St0kes mostly highlights the filter bubble from the context of politics, even if he sees, rarely, where it breaks against him. Eli Pariser considered algorithmic (and business drives) toward the separation of filter bubbles. There's no shortage of modern-day writers discussing AI, and a Dead Internet where people find it easier to talk with carefully-tuned ChatGPT instance rather than fight increasingly-useless Google is definitely a possibility.
I think they all overlook the power of human meat and spite.

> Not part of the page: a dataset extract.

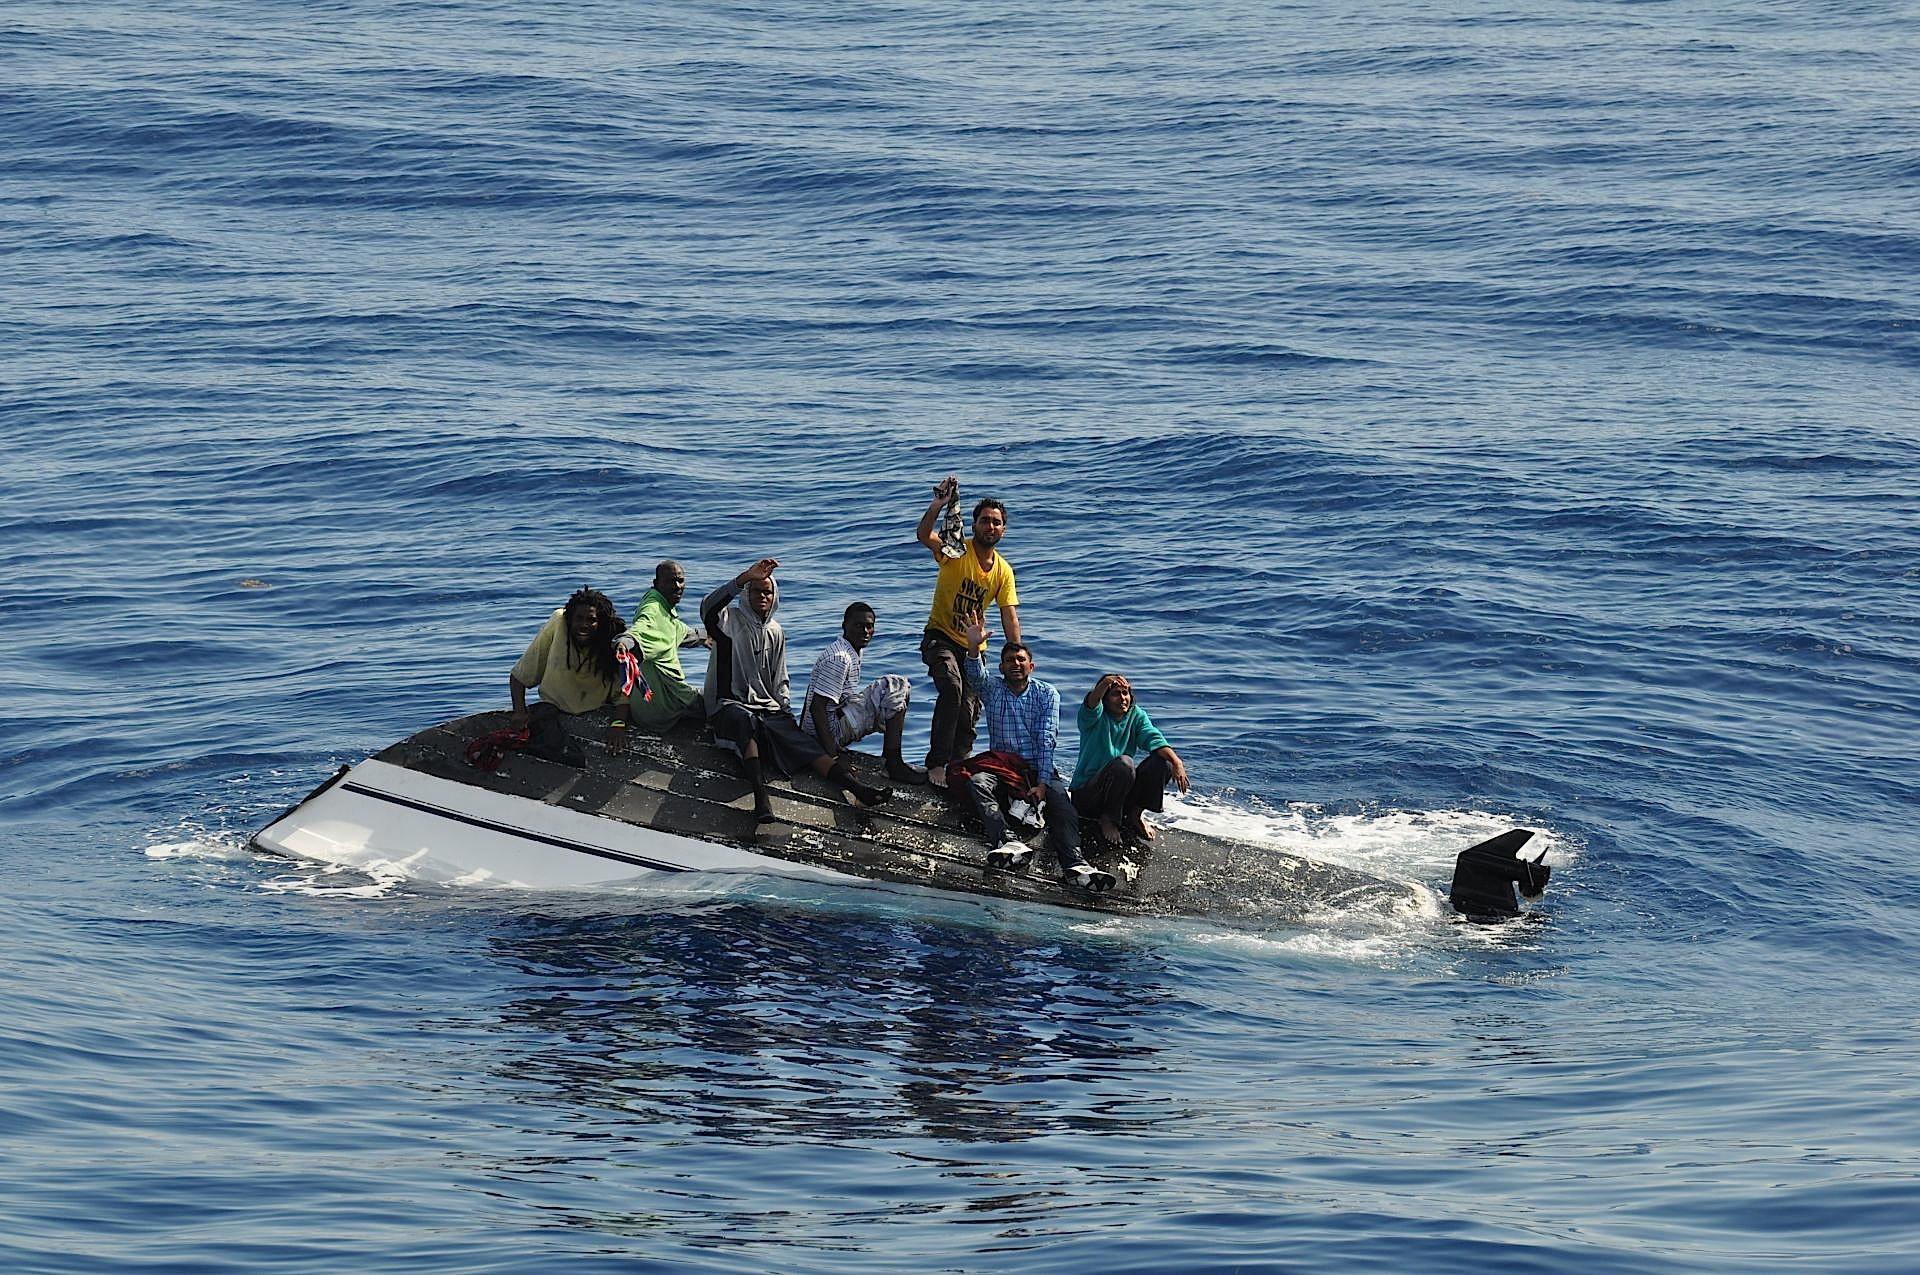 Sinking boat photo

As far as I know, there is no tool that will filter your Google Map search results by the political donations and rumors thereof. Yet. There is no flight planning website that drops flights where layover or transfer involve states with undesirable gun or gender politics. Yet.
I don't know of a crowdsourced tool to check your phone contacts and Facebook friends for (alleged) criminals or bad actors or meanies. Yet. There's no way to crosscheck a dating profile against social media phrenology. Yet. No off-the-shelf tools to use Nextdoor to hide the neighbor with the yappy dog from my phone or doorbell. Yet. No headphones that noise cancel people you don't want to hear from. Yet.
And a thousand, thousand other things that could be possible, as we invite others have more and more influence on how we see the world in the most literal sense, and make it harder and harder to avoid doing so.